Professor Simon Peyton Jones FRS (cropped).jpg
Peyton Jones in 2016
Born (1958-01-18) 18 January 1958 (age 66)
South Africa
CitizenshipBritish
Alma materUniversity of Cambridge
Known forGlasgow Haskell Compiler
C--
AwardsACM Fellow (2004)[1]
Scientific career
Fields
Institutions
Website{{{1}}}

Simon Peyton Jones OBE FRS MAE DFBCS[4][5] (born 18 January 1958) is a British computer scientist who researches the implementation and applications of functional programming languages, particularly lazy functional programming.[2][6]

Education

Peyton Jones graduated from the University of Cambridge with a Bachelor of Science degree[7] in Electrical Sciences in 1979. During this time he was an undergraduate student of Trinity College, Cambridge, and subsequently went on to complete the Cambridge Diploma in Computer Science in 1980. He never did a PhD.[8][9]

Career and research

Peyton Jones worked in industry for two years before serving as a lecturer at University College London and, from 1990 to 1998, as a professor at the University of Glasgow.[10] From 1998 to 2021 he worked as a researcher at Microsoft Research in Cambridge, England.[10][11][12] Since 2021 he has worked at Epic Games as an engineering fellow.[13]

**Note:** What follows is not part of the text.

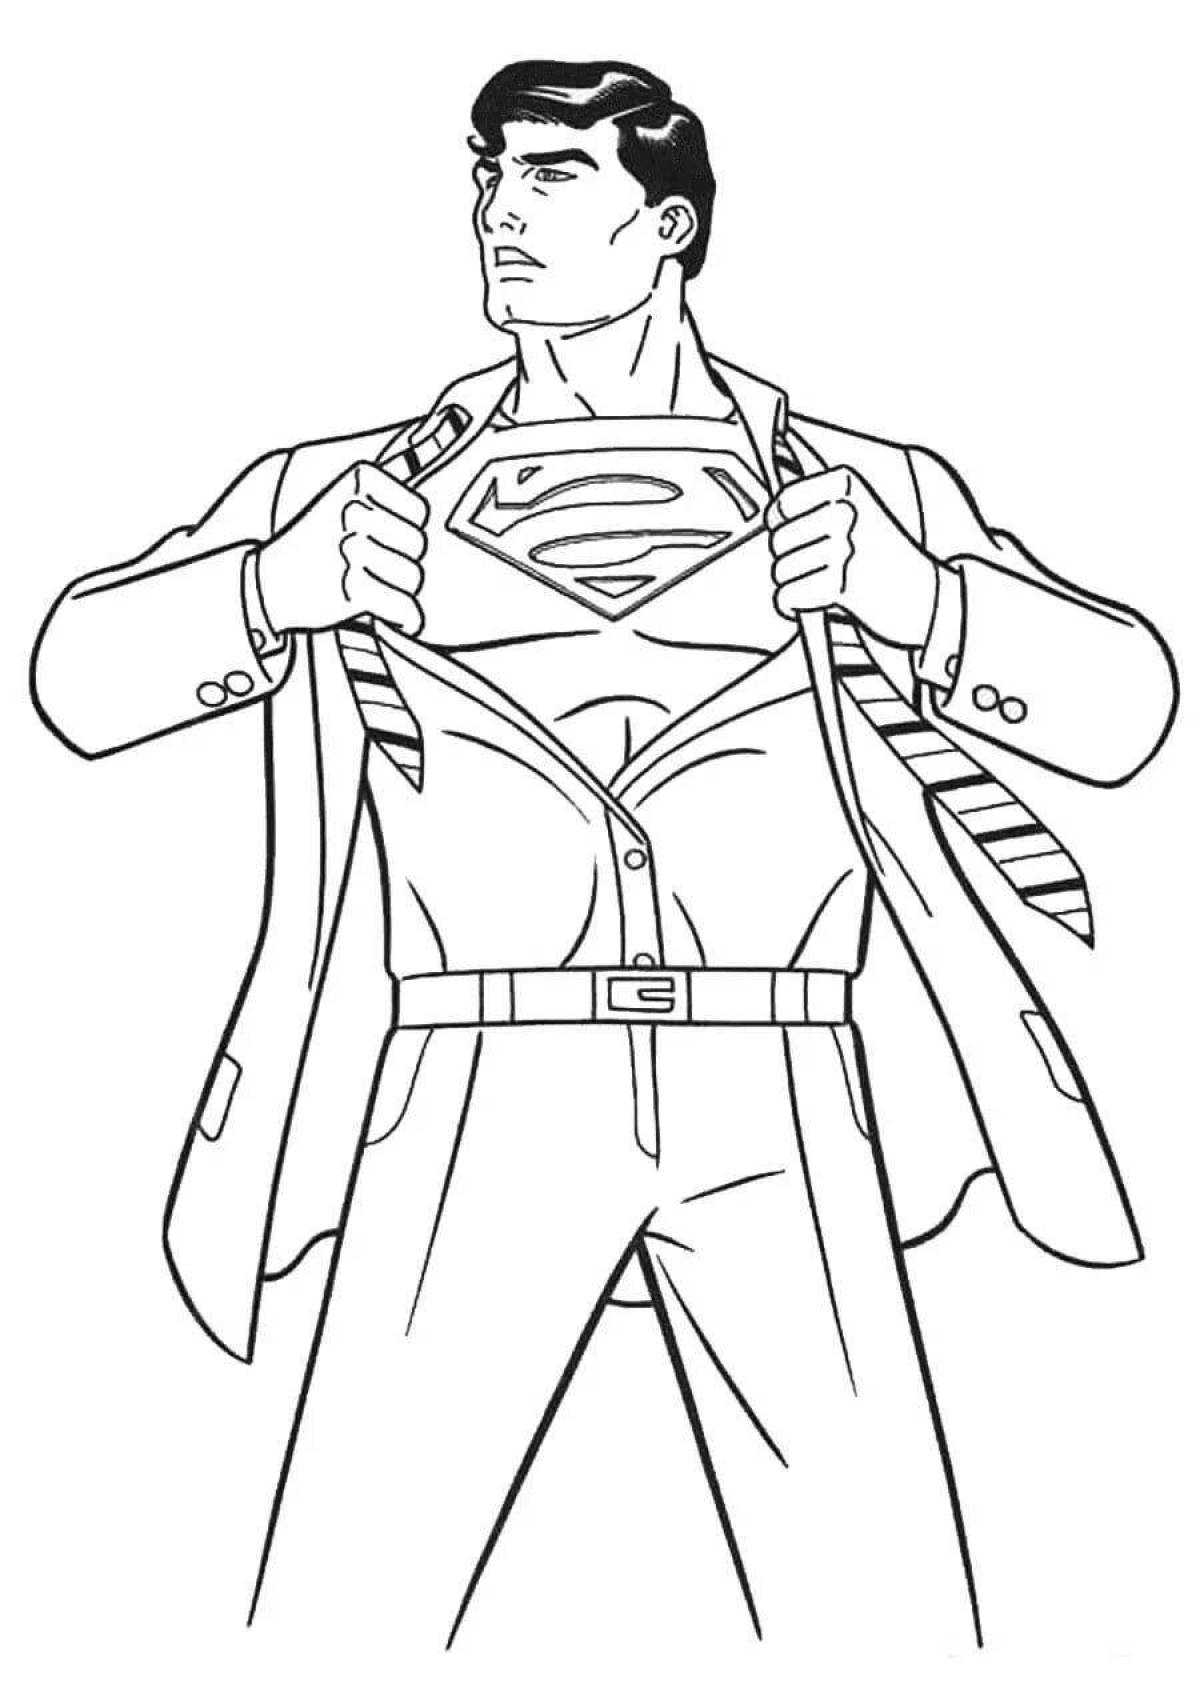 Amazing superman coloring book for kids 3-4 years old

He is a major contributor to the design of the Haskell programming language,[14] and a lead developer of the Glasgow Haskell Compiler (GHC).[15] He is also co-creator of the C-- programming language, designed for intermediate program representation between the language-specific front-end of a compiler and a general-purpose back-end code generator and optimiser. C-- is used in GHC.[16][17][18]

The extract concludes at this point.